In Europe, mining is still conceivable.

Crypto mining operations in Europe are still restricted, as high electricity prices during the energy crisis and regulators’ overall scepticism of cryptocurrencies make crypto businesses think twice about setting up shop on the continent.

Indeed, Iceland, a Nordic country with a subarctic volcanic landscape that provided cheap electricity and minimal cooling costs for mining farms, was once a hotbed for Bitcoin mining.

Landsvirkjun, the country’s national electrical utility, limited the amount of power it would deliver to energy-intensive industries like Bitcoin mining and aluminium smelting late last year, citing capacity problems.

Despite the constraints on the continent, there are a few places in Europe where miners have decided to set up shop, where location and climate play a key role in luring industry.

The enormous number of hydroelectric power plants built during Georgia’s period as a Soviet republic — combined with the country’s comparatively small population — have given a large supply of cheap electricity for miners in the Caucasus region.

Major cryptocurrency mining firms have already established operations in the nation. Bitfury, a Dutch mining firm, opened its first data centre in Gori, Georgia, in 2014, with a capacity of 20 megawatts.

Many Georgians became interested in crypto mining after Bitfury’s success, and they began to buy powerful video cards and set up their own tiny crypto mining farms.
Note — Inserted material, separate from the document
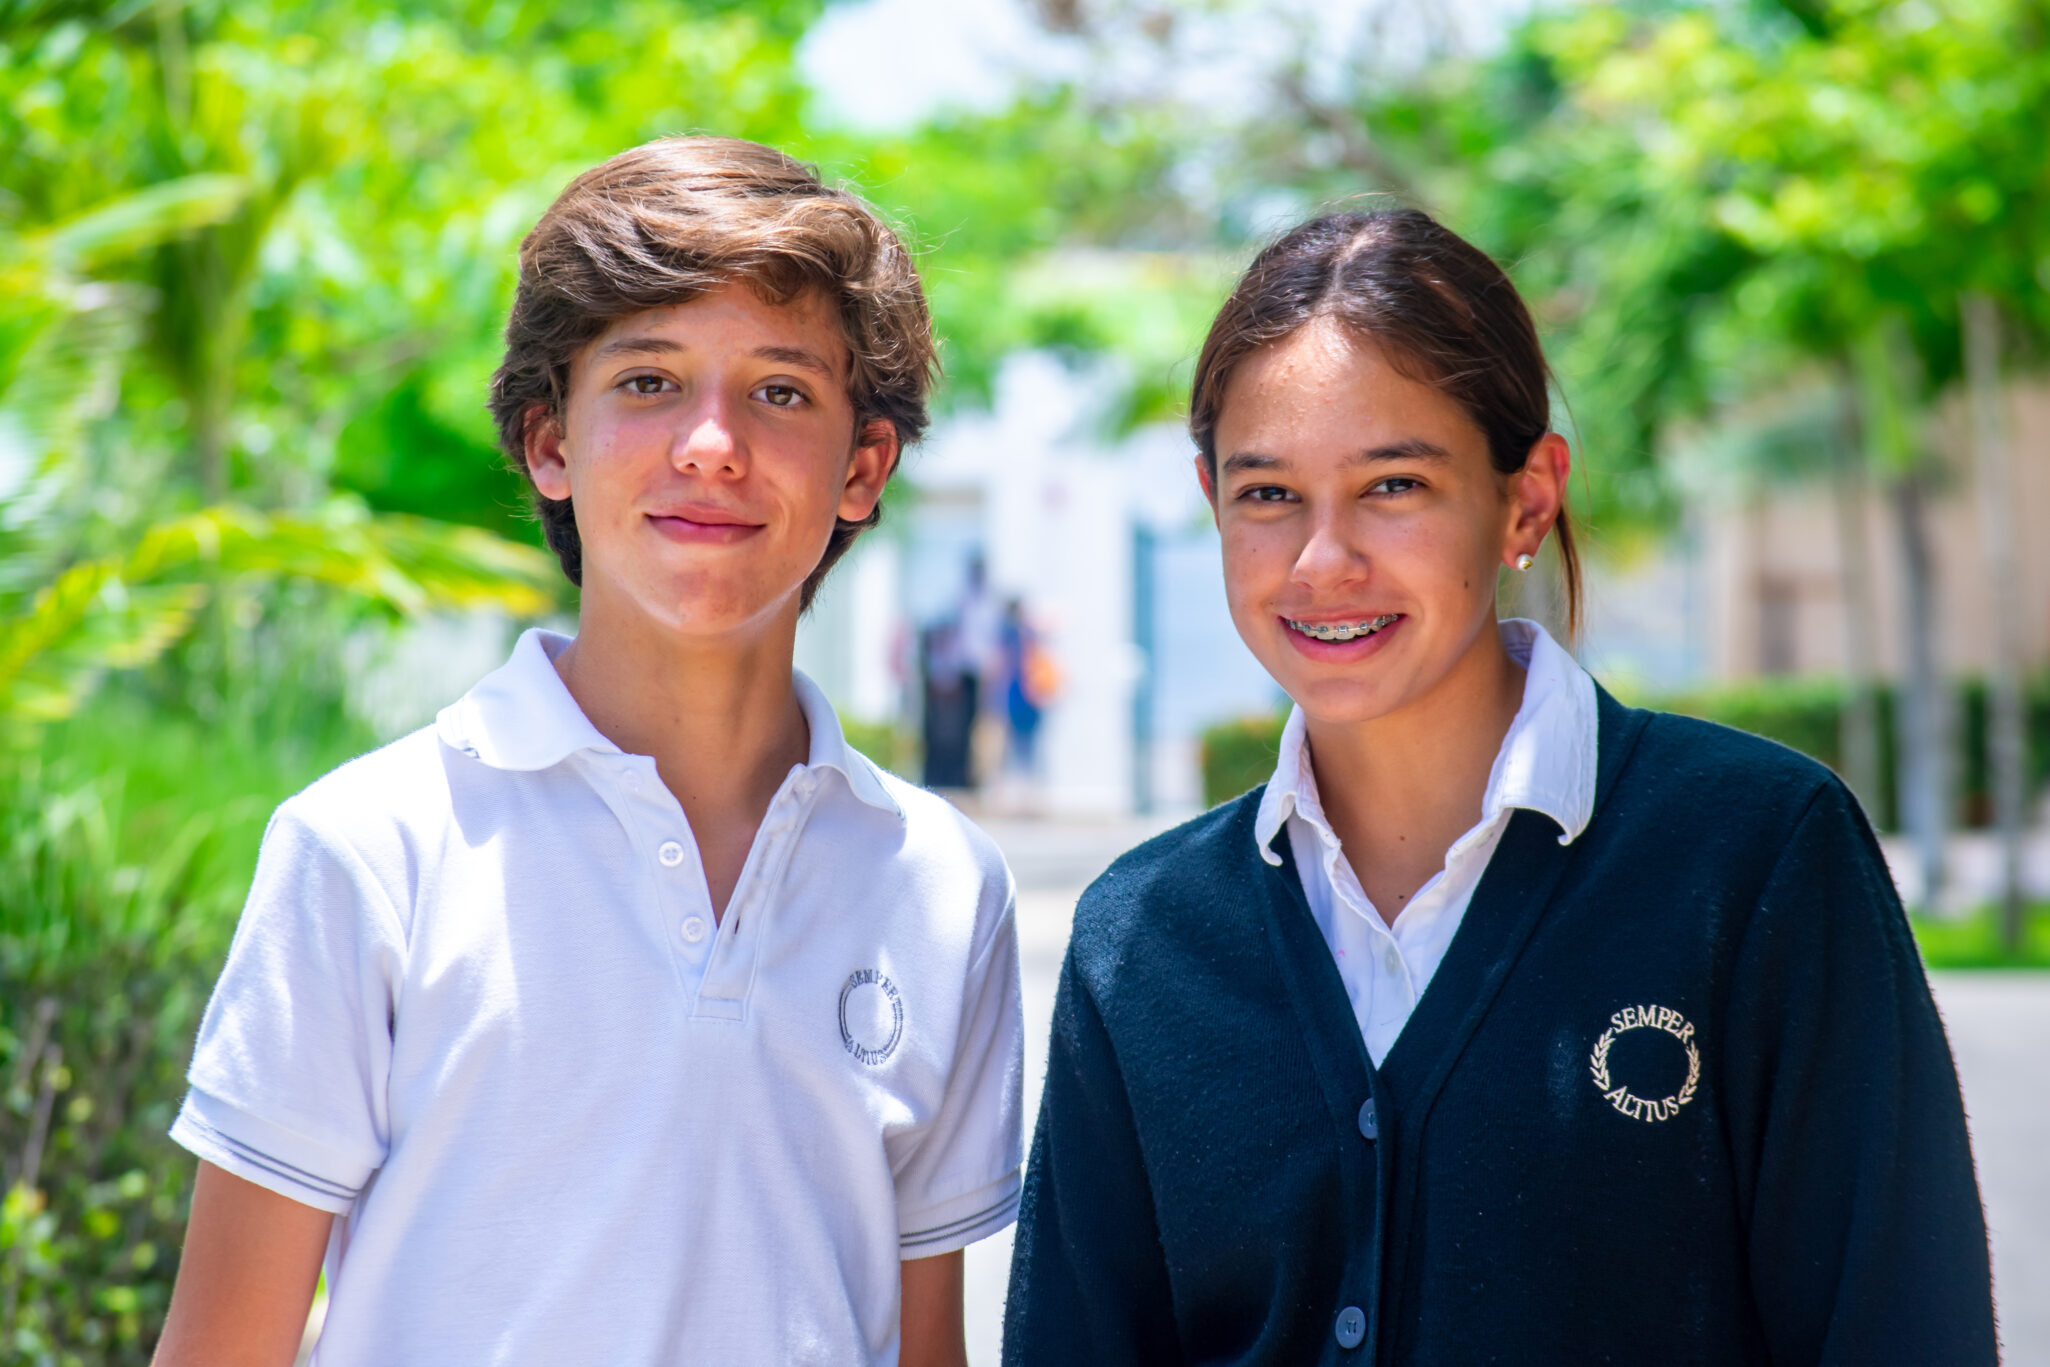 Alumnos de secundaria Cumbres Veracruz

According to the World Bank, cryptocurrency mining employed 5% of Georgia’s population in 2018.

It’s also worth noting that, because to low energy prices and a frigid climate, Russia remains a crypto mining hotspot.
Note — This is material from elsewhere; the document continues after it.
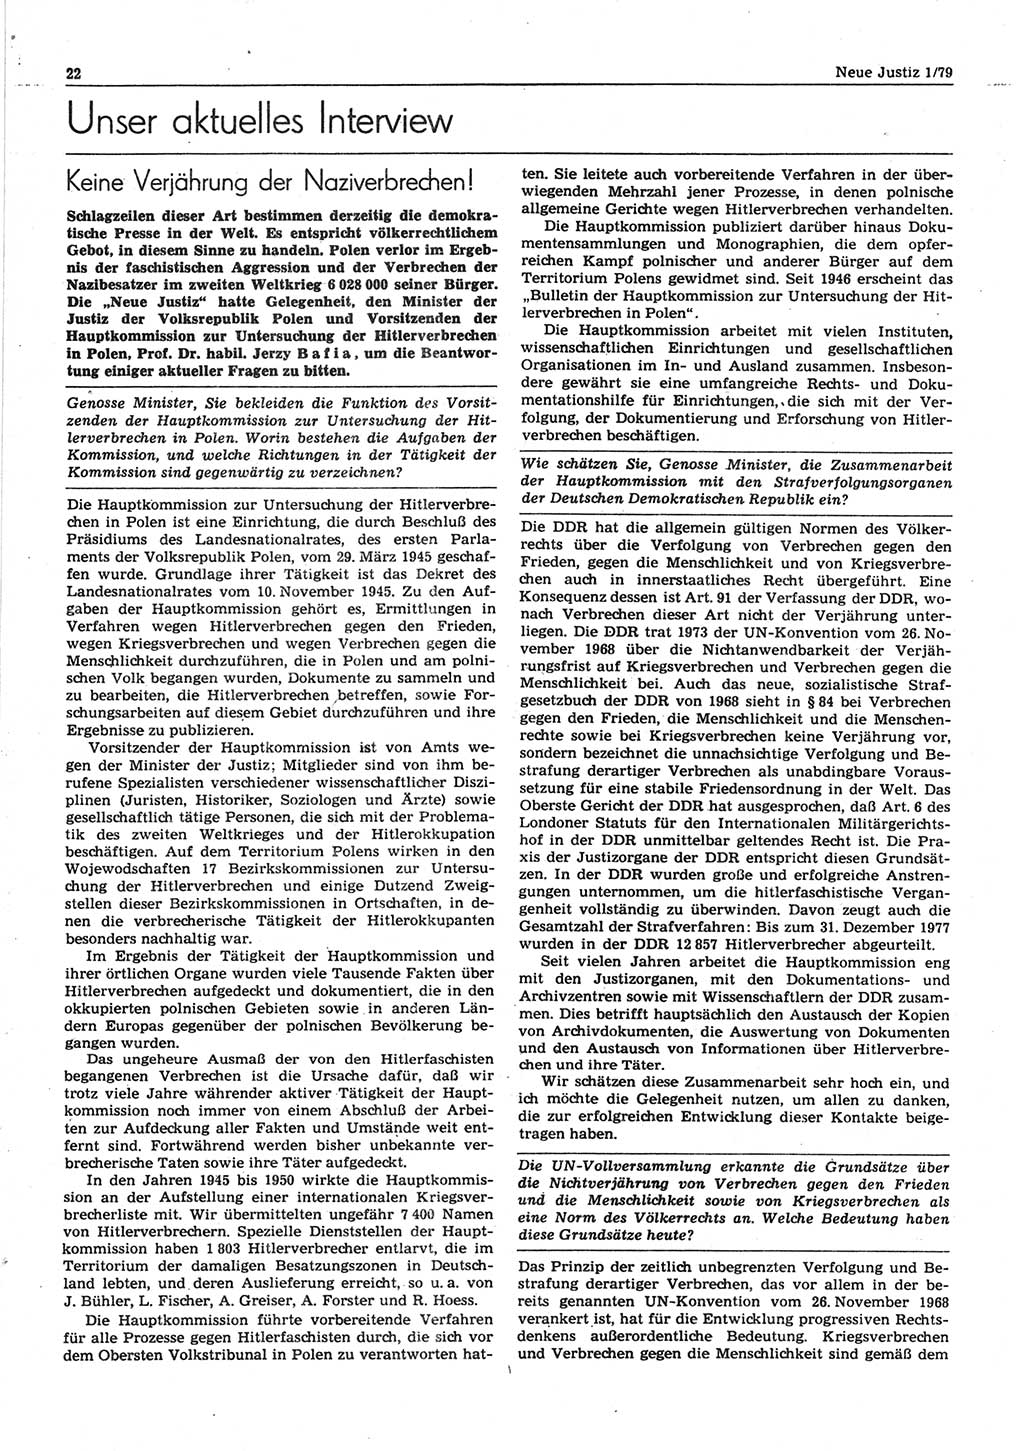 Neue Justiz (NJ), Zeitschrift für sozialistisches Recht und Gesetzlichkeit [Deutsche Demokratische Republik (DDR)], 33. Jahrgang 1979, Seite 22 (NJ DDR 1979, S. 22)

Andrei Loboda, the public relations director of BitRiver, Russia’s largest cryptocurrency mining colocation services provider, told that if the Russian government becomes more supportive of cryptocurrencies, miners will be able to work in the following areas:

“According to BitRiver, around 300,000 people are mining Bitcoin in the Russian Federation alone now.” In data centres across the Russian Federation, including the Irkutsk Region and the Krasnoyarsk Territory, our company performs energy-intensive, high-speed processing. The green and digital technologies that we use in our work as part of the digital energy transition have already provided the areas a boost in development.”

 

Is it worthwhile to mine?

Whether it’s for electricity and cooling expenses or regulatory issues, miners must consider geography. However, some expenses, including as gear, will be carried with miners wherever they go.

When, with all the hardware expenditures, is mining worth it? With demand for mining equipment on the rise and a recent drop in the markets following the bull run of 2021, when is mining worth it?
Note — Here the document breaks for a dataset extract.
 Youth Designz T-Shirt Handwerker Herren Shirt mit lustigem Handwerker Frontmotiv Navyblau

Since 2016, the year 2021 has been the most profitable for mining Ether (ETH) with graphics processing units. This is unsurprising, given that the price of Ether has more than doubled in the last year. However, the biggest concern for miners is the cost of electricity and equipment, which is continually increasing.

Nonetheless, while Ether mining profitability remains high, the payback period for equipment purchases is lengthening, owing in part to the August 2021 London hard fork, which lowered the payment for each block mined from 8–20 ETH to 2 ETH. Another disadvantage for miners will be the much-anticipated switch to a proof-of-stake consensus on the Ethereum blockchain, which would require them to start mining altcoins or recertify as stakers on the network.

Despite the sharp drop in BTC’s price in January, which touched a monthly low of about $34,300, the Bitcoin network’s mining difficulty just reached an all-time high.

In light of this, it’s surprising that the cost of ASICs hasn’t decreased. At the same time, this year’s ASIC payout term is just over 1,000 days, or nearly three years. Not everyone can afford to carry those costs for an extended period of time.

There are numerous changing elements that miners must consider, but one thing is certain: cryptocurrency mining is a flexible, adaptable sector, and companies have demonstrated their willingness to relocate to more advantageous sites if their current one proves to be less than perfect.

 

Disclaimer: These are the writer’s opinions and should not be considered investment advice. Readers should do their own research.